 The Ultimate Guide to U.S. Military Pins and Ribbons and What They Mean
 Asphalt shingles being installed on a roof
* * *
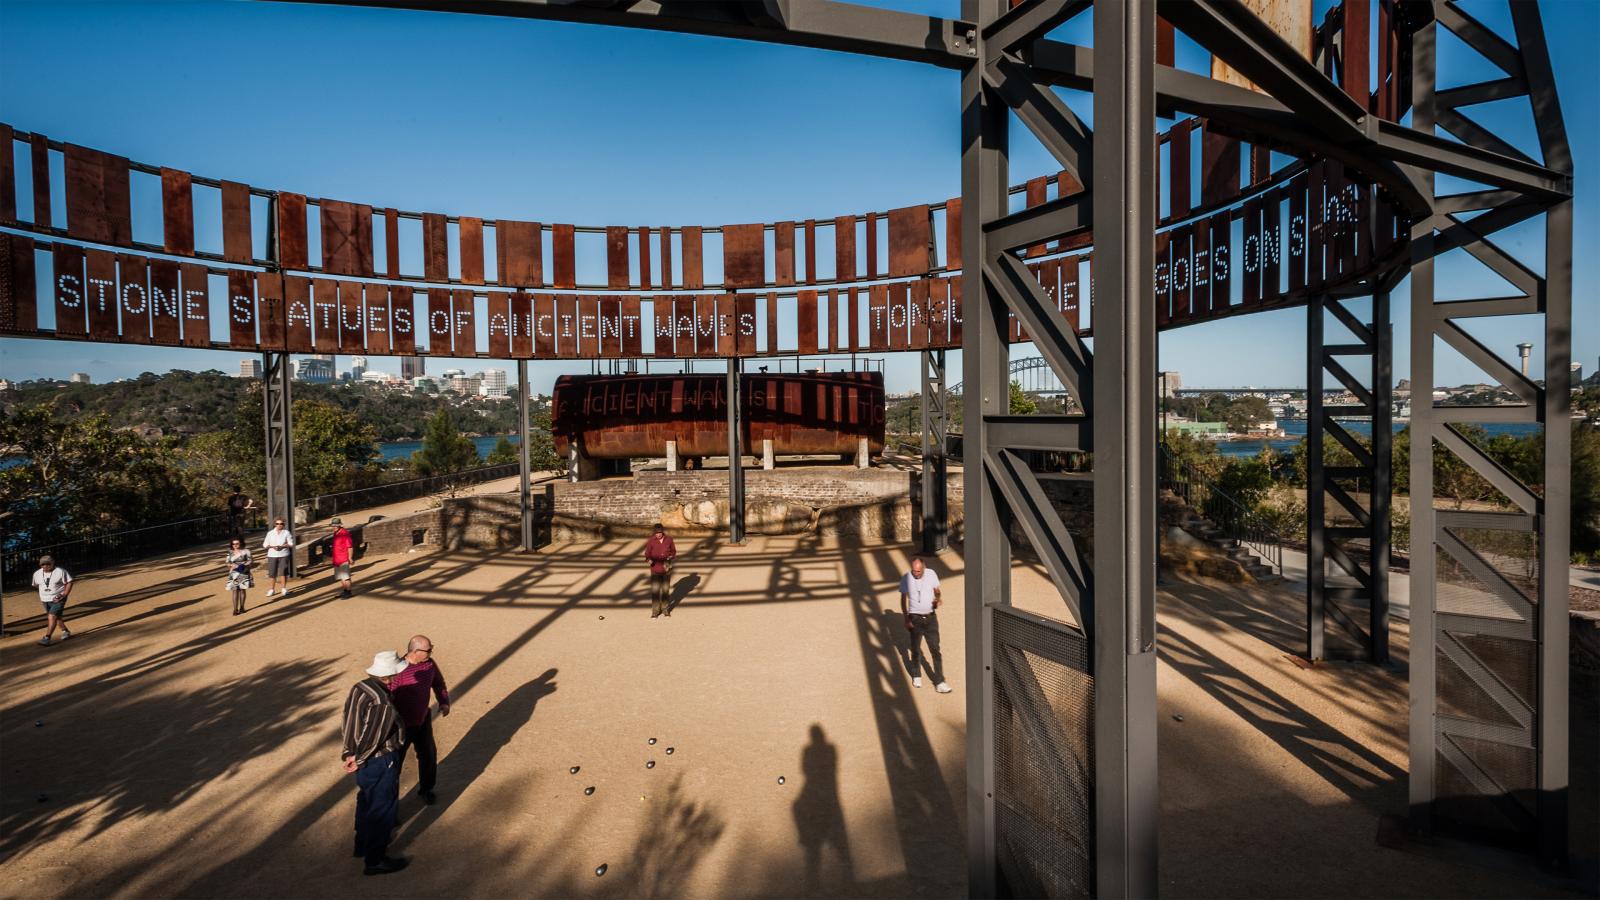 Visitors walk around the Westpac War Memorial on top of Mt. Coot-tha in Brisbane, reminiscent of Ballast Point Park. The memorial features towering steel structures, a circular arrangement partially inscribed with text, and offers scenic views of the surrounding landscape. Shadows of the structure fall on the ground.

What to produce: Word for word, restate the lines above from the line containing "The Ultimate Guide" through the line containing "Asphalt shingles being installed on a roof", with both included and nothing else.

Output of the exercise:
 The Ultimate Guide to U.S. Military Pins and Ribbons and What They Mean
 Asphalt shingles being installed on a roof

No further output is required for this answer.